We adopt a flexible polynomial functional form, allowing for quadratic
terms and interactions between variables. In this approach, we follow
similar empirical studies (e.g. Burke et al., 2017, Sheahan et al.,
2013, Xu et al., 2009). This flexibility is important in enabling us to
investigate how yield response to nitrogen is conditioned by other
factors. We may generalize this function as:
\(y_{\text{it}}\ =\ \alpha+\beta_{1}N_{\text{it}}+\beta_{2}N_{\text{it}}^{2}+\beta_{10}\mathbf{X}_{\mathbf{\text{it}}}++\beta_{11}N_{\text{it}}*\mathbf{X}_{\mathbf{\text{it}}}+\ u_{\text{it}}\)(2)
where N is nitrogen, our primary input of interest, i indexes
plots, t indexes observations over time, and where, for
convenience, we have subsumed M and G in the vectorX . As indicated earlier, a priori hypotheses include the
possibility of positive interactions between nitrogen, soil organic
carbon and rainfall, after controlling for other factors.
A key consideration is the possibility that unobserved factors may
possibly bias our estimation results. Concretely, we may decompose the
residual in equation 2 as:
\(u_{\text{it}}\ =\ o_{\text{it}}+\ c_{i}+\ \epsilon_{\text{it}}\)(3)
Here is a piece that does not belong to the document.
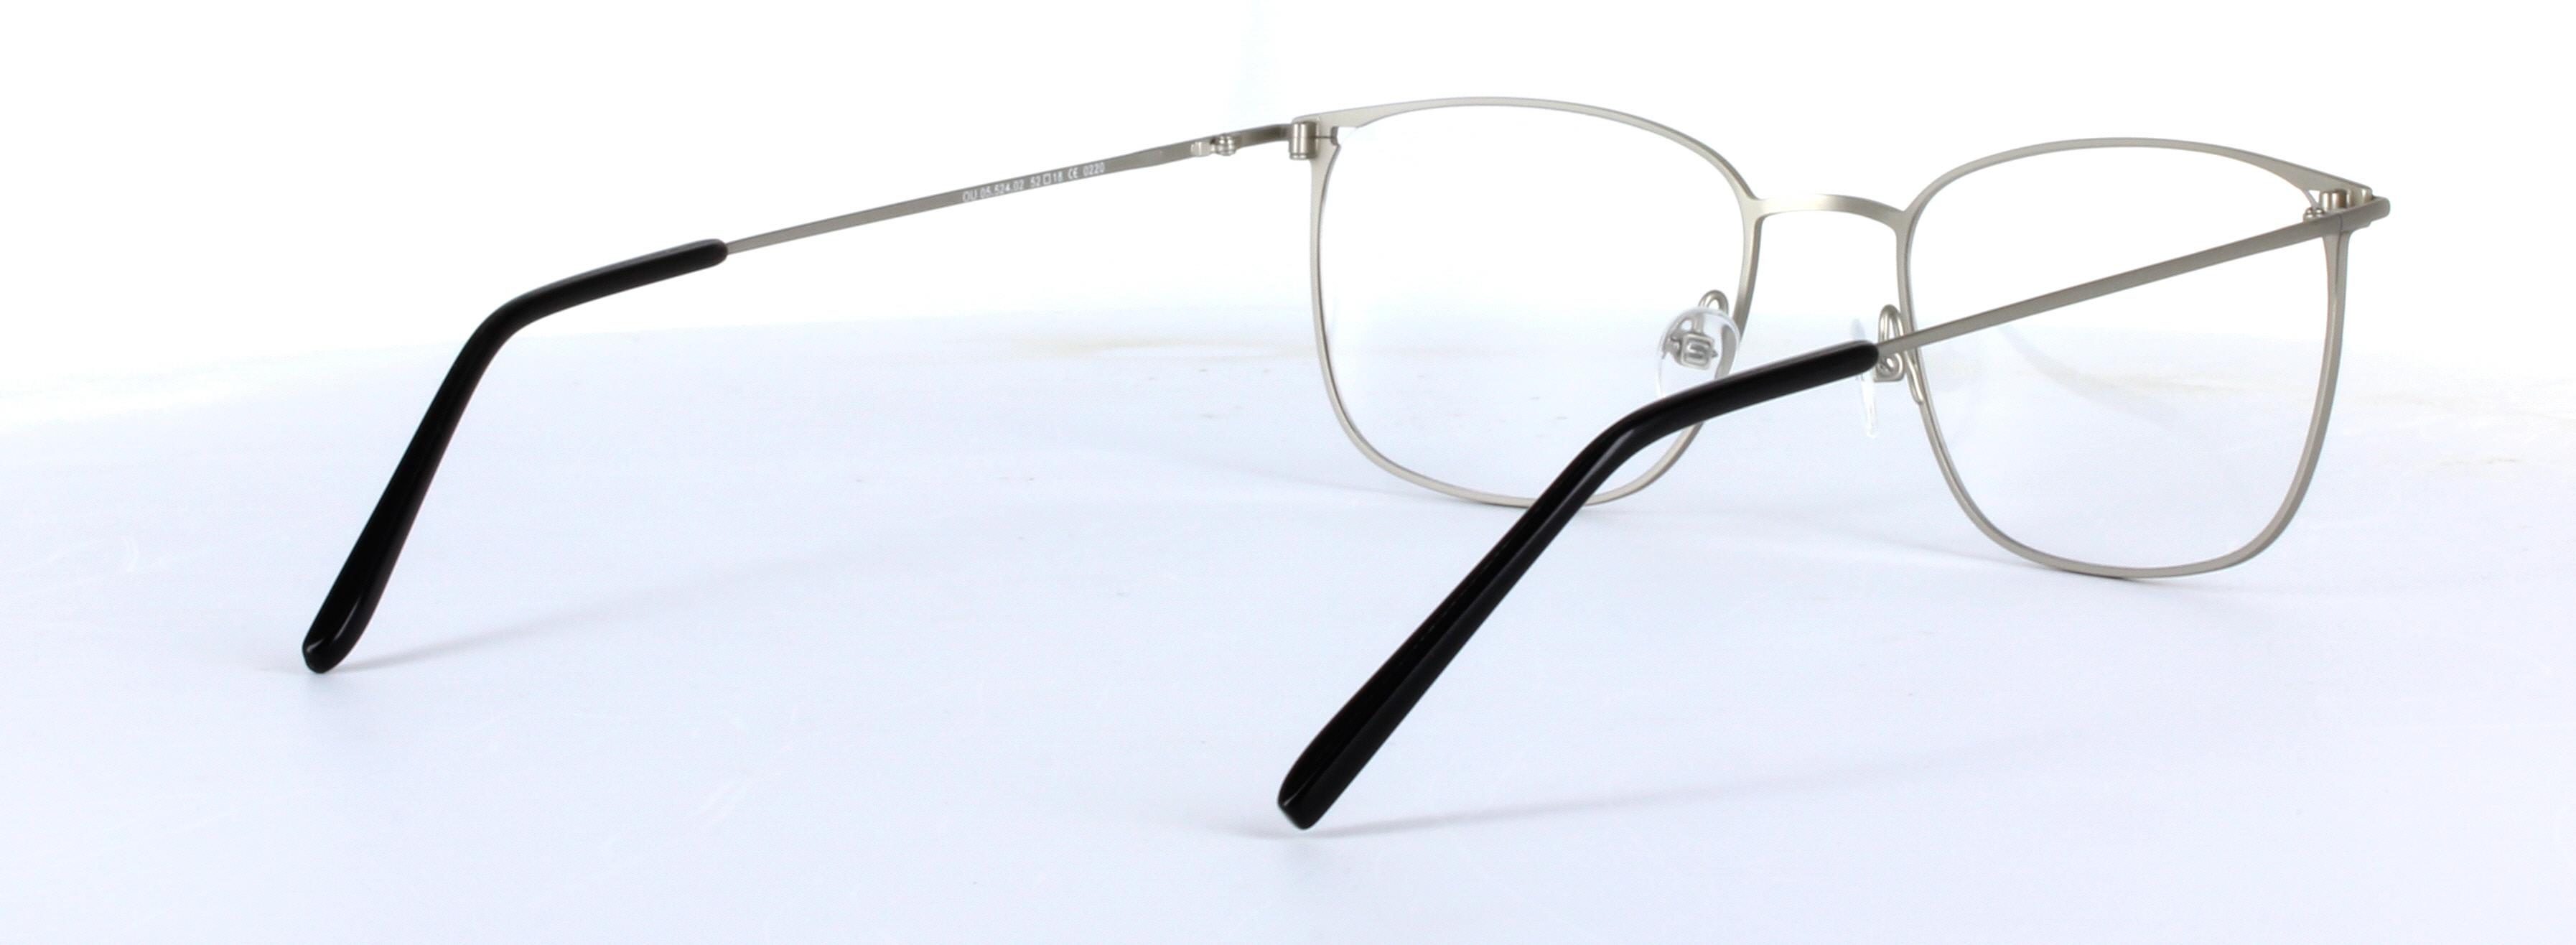 Hayden Olive Full Rim Rectangular Metal Glasses - Image View 4

where \(o\) represents unobserved time-varying factors, \(c\) represents
unobserved time-constant factors, and \(\epsilon\) is a randomly
distributed error term. Time-varying unobservables may include soil
moisture, nutrient status or other factors which are often missing from
empirical studies (or poorly measured). Time-constant unobservables may
include farmer ability or plot biophysical characteristics which change
little from year to year, but which may affect both fertilizer usage and
yield outcomes. Finally, correlation between model covariates and the
stochastic error term may be an additional source of bias.11Burkeet al . (2017) provide a useful, detailed discussion of these
issues and corresponding identification strategies in survey data
settings.
In the present study, we argue that our dataset does a better job at
controlling for time-varying plot and plot-management factors than is
typically the case in empirical studies, and therefore unobseved\(o_{\text{it}}\)is unlikely to be a major issue. Our larger concern is
with time-invariant unobserved farmer and plot-level heterogeneity which
are likely to upwardly bias our results if not addressed (e.g. under the
assumption that more able farmers are more likely to use fertilizer than
less able farmers). To address this, we estimate models with the
Mundlak-Chamberlain device (i.e. the Correlated Random Effects model
(Wooldridge 2010), as well as a Fixed Effects estimator.